Não se trata de cumprimento de normas, doutrinas e preceitos estáticos burocráticos, mas tendo por base o amor e a misericórdia, ver na Lei aquilo que conduz à plenitude da vida humana. Na compreensão de Jesus, a Lei não deve ser observada simplesmente por ser lei, mas por aquilo que ela traz de justiça. Deus é amor, mas também é justiça. A justiça de Deus é plena de misericórdia. Não se cumpre a Lei através de observâncias minuciosas, criando uma estrutura escravizante. Cumprir a Lei é buscar nela a inspiração para a prática da justiça e da misericórdia, afim de que a pessoa tenha vida e relações de amorosidade mais fraternas. Como o próprio Mateus assim o definiu mais adiante: “Busquem, pois, em primeiro lugar o Reino de Deus e a sua justiça, e todas essas coisas serão acrescentadas a vocês”. (Mt 6,33)

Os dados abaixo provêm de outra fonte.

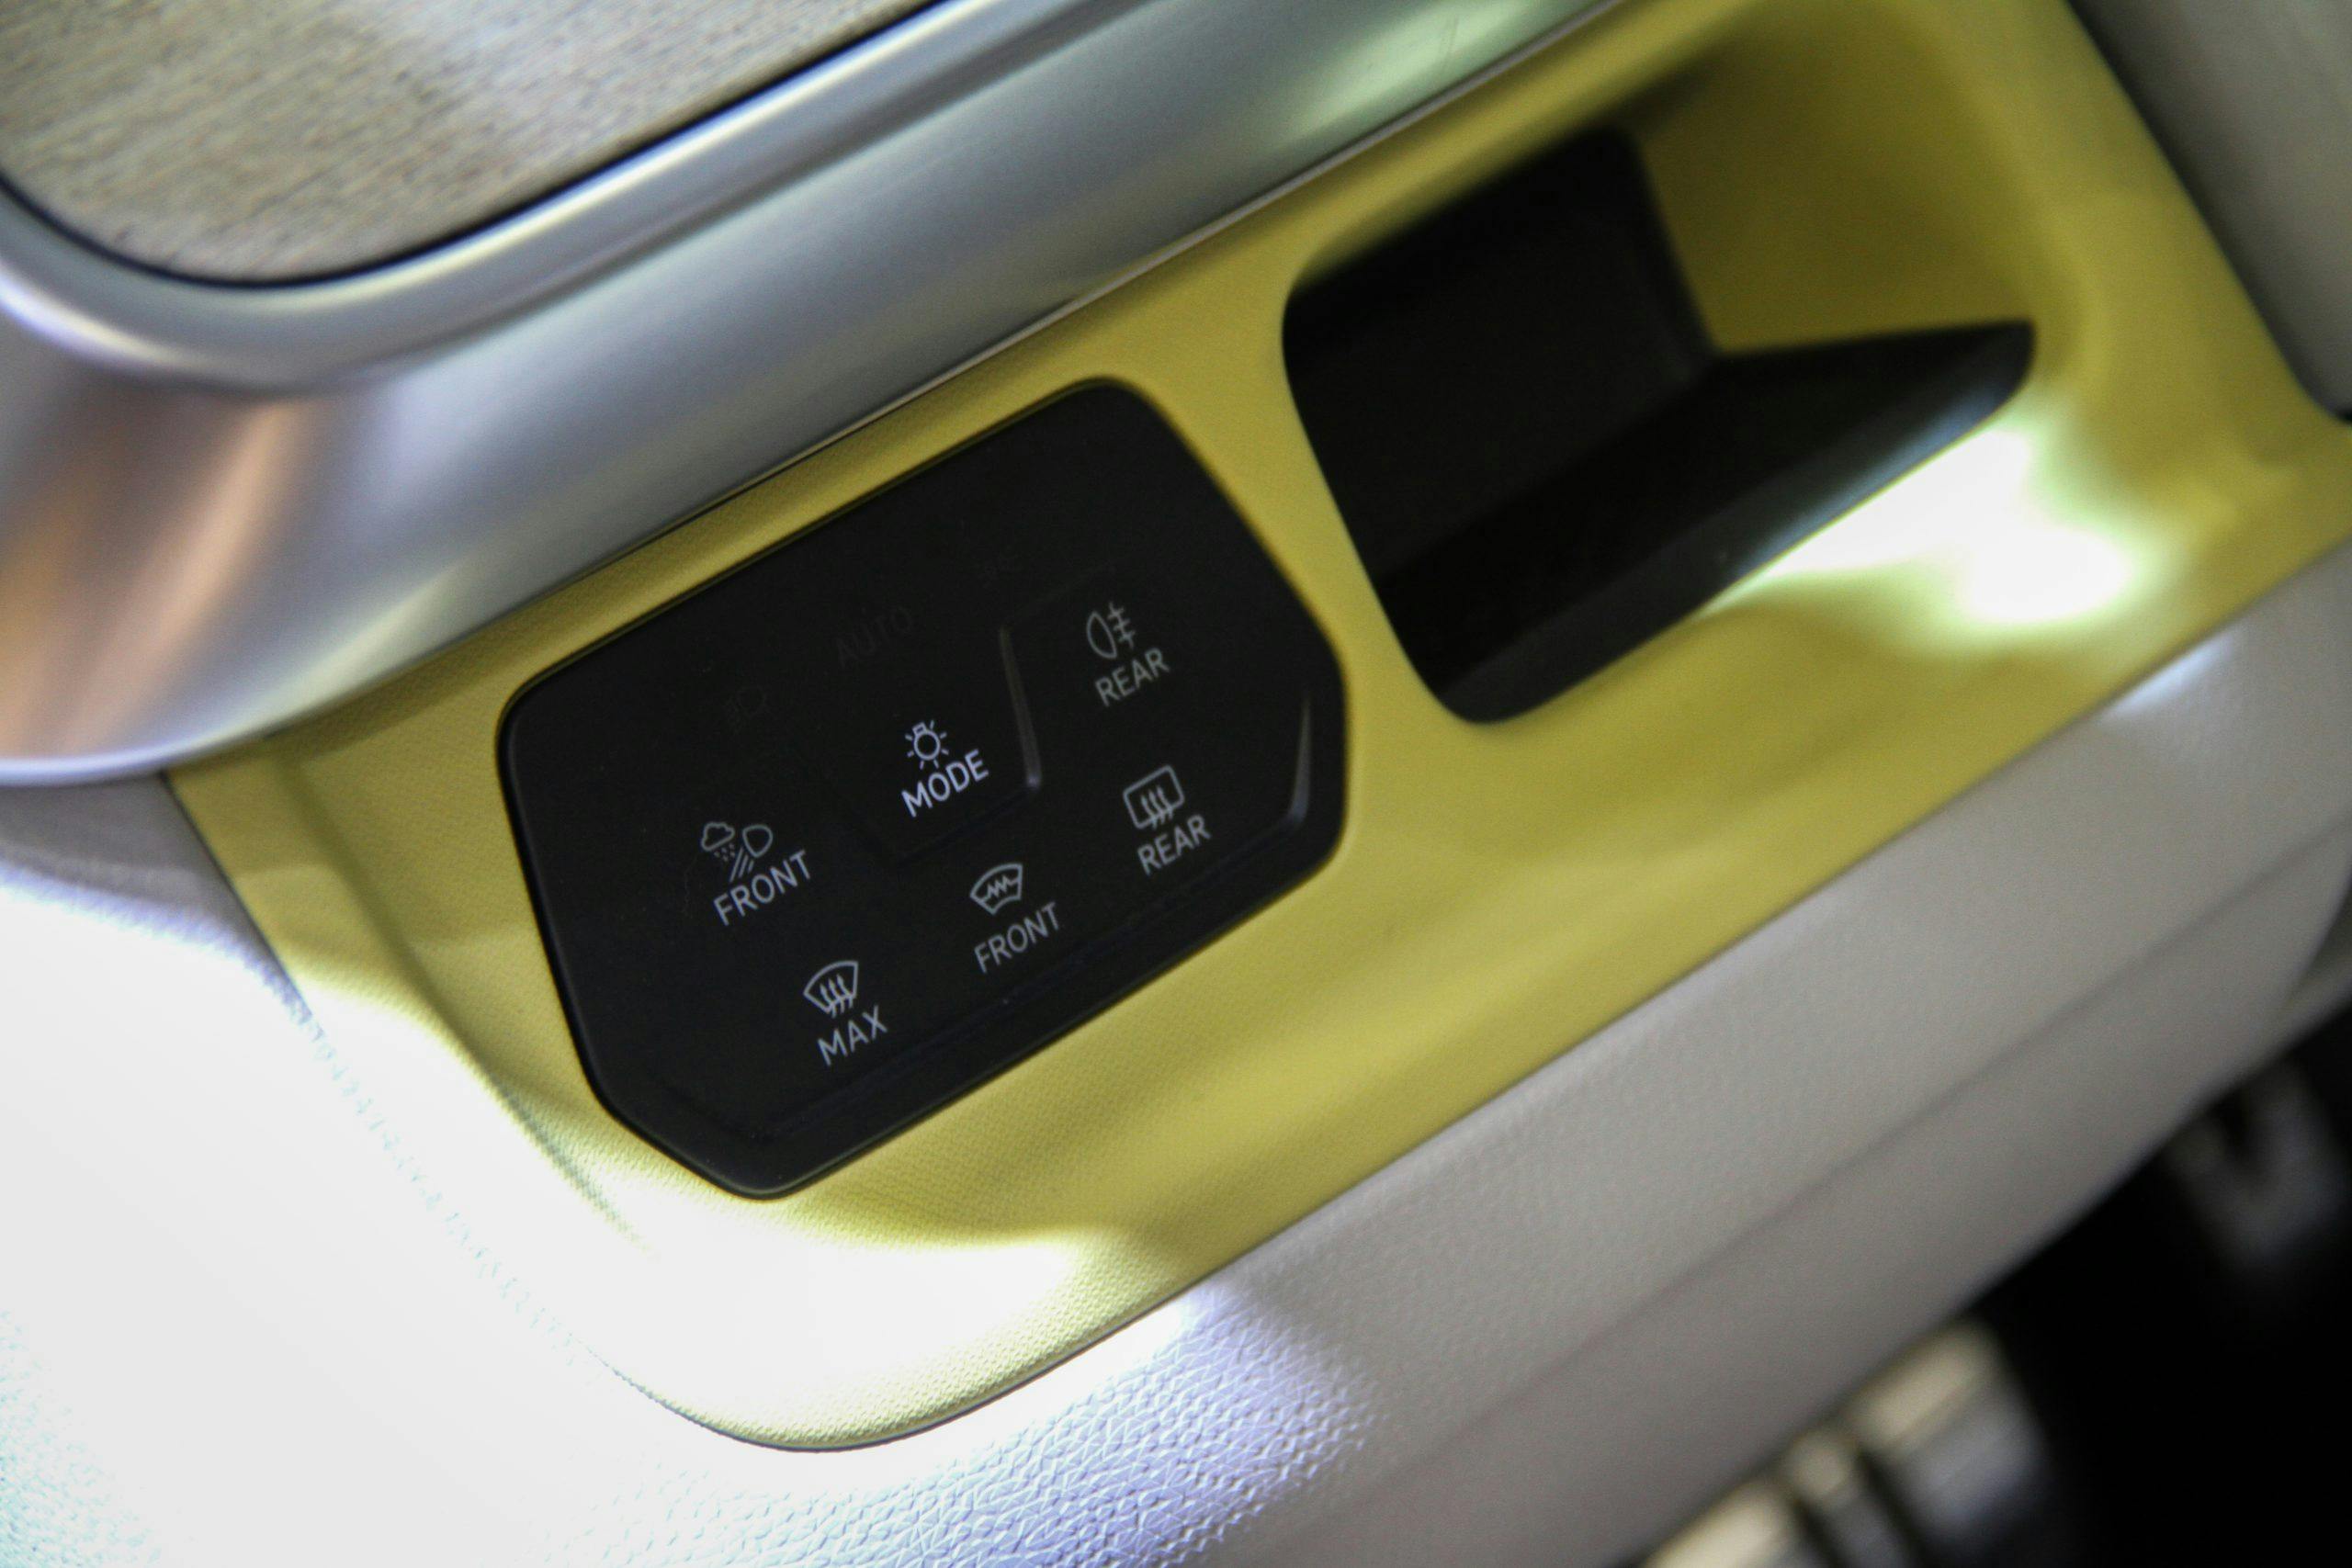 Euro-Spec ID. Buzz Prototype interior controls

“Não penseis que vim abolir a Lei e os Profetas. Não vim para abolir, mas para dar-lhes pleno cumprimento”. (Mt 5,17) Ele viveu intensamente a proposta da Lei, mas movido pelo espírito de amorosidade, compaixão e misericórdia para com os pequenos. Jesus vai além da escrita da Lei, dando-lhe vida na vida das pessoas que com ele conviviam. Também nós somos chamados e enviados a ser em nós a letra viva da Lei que liberta e salva. Tudo isso sem a necessidade de juramentos, até porque a mentira e a desconfiança pervertem as relações humanas. Jesus exige de cada um de nós um novo relacionamento em que sejamos verdadeiros e responsáveis na nossa prática de fé. A regra de vida para o cristão que segue os passos de Jesus são as “Bem Aventuranças”. Nelas está contido o projeto de vida sonhado por Deus para a humanidade. Que sejamos coerentes na nossa vivência da fé, seguindo o conselho dado por Jesus: “Seja o vosso ‘sim’: ‘Sim’, e o vosso ‘não’: ‘Não’. Tudo o que for além disso vem do Maligno”. (Mt 5,37)

 


Francisco Carlos Machado Alves conhecido como Chico Machado, foi da Congregação do Santíssimo Redentor, os Redentorista, da província de São Paulo. Reside em São Felix do Araguaia no Mato Grosso e é agente de Pastoral na Prelazia de São Felix desde 1992. Sua atividade pastoral é junto aos povos indígenas da região: Xavante, Kayabi, Karajá, dentre outros. Mestre em Educação atua na formação continuada de professores Indígenas, nas escolas das respectivas aldeias.